By Keith Coffman
DENVER (Reuters) - President-elect Barack Obama's transition team will kick-start the process of healthcare reform with a series of meetings across the country, modelled on those his campaign held last summer.
"Providing quality affordable health care for all Americans is one of my top priorities for this country because our long-term fiscal prospects will have a hard time improving as long as sky-rocketing health care costs are holding us all down," Obama said in a statement on Friday.
"Yet in order for us to reform our health care system, we must first begin reforming how government communicates with the American people," he said.
"These Health Care Community Discussions are a great way for the American people to have a direct say in our health care reform efforts and I encourage Americans to take part if they are able."

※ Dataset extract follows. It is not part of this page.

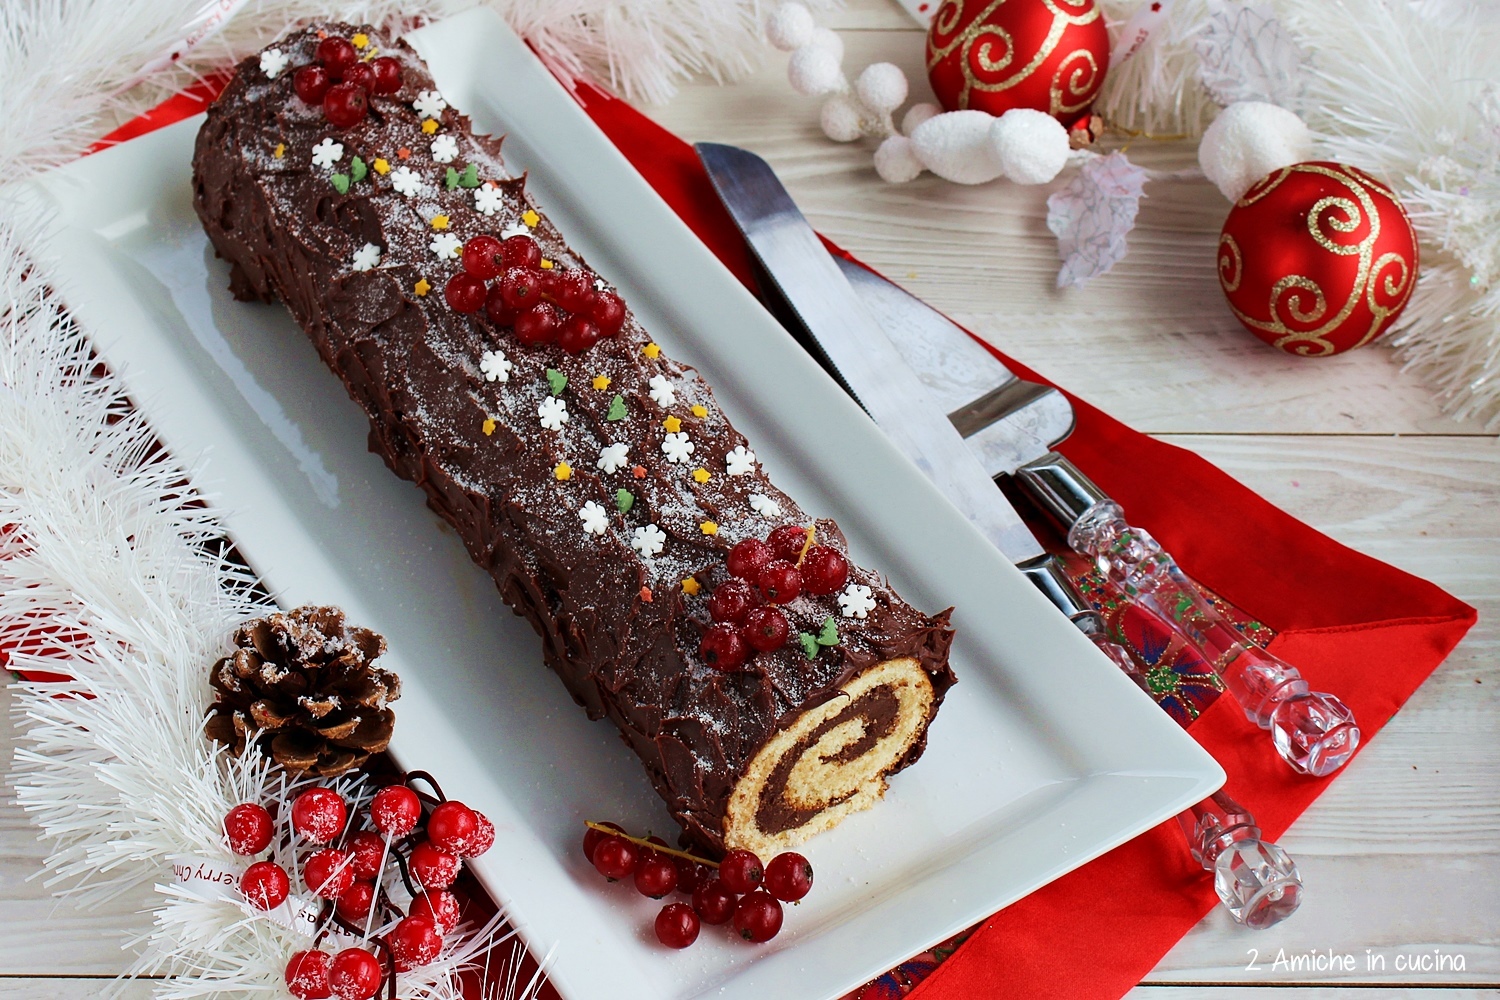 Ricetta Del Tronchetto Di Natale.Tronchetto Al Cioccolato Buche De Noel 2 Amiche In Cucina

Former Senate Democratic leader. Tom Daschle, Obama's choice for Health and Human Services Secretary, said the meetings would start on December 15 and run through December 31, before the new president is inaugurated on January 20.
Obama's Internet site www.change.gov asks people to submit ideas for changing America's costly and inefficient healthcare system, which leaves tens of millions uninsured.
Speaking at a meeting of healthcare industry experts in Denver, Daschle said he would like to "allow the states to be workshops and laboratories of innovation."
'DETAILS KILL'
Daschle said past efforts to reform the healthcare system had been bogged down in details and he pledged to fight against long, cumbersome legislation.
"Details kill," he told the meeting of about 500 executives. "Once we get started, let's finish and not languish."
Politicians, labour unions, health insurers, doctors and the general public all agree that the United States needs to reform its inadequate healthcare system, which is also the most expensive in the world.
Close to 46 million Americans have no health insurance, and Americans are more likely to die of common diseases than people living in many other developed countries.
"The myth is that we have the best healthcare system in the world," Daschle said, adding: "We do have islands of excellence in a sea of mediocrity."
During his campaign for the presidency, Obama pledged to bring health insurance to millions of uninsured Americans and to spend about $50 billion (34 billion pounds) to make medical records electronic.
Many health reform advocates believe he will need broad public support to overhaul an industry that has become among the most intractable of U.S. political problems.
As evidence of that, New York Sen. Hillary Clinton failed to push through a healthcare reform plan during her husband Bill Clinton's first term as president.
American voters put healthcare reform as their biggest concern after the economy and the Iraq war, but finding the money and ingenuity to fix the system will be particularly difficult during an economic recession.
U.S. healthcare costs now account for about 16 percent of U.S. gross domestic product -- or $2.3 trillion -- a proportion projected to grow to 20 percent or $4 trillion by 2015.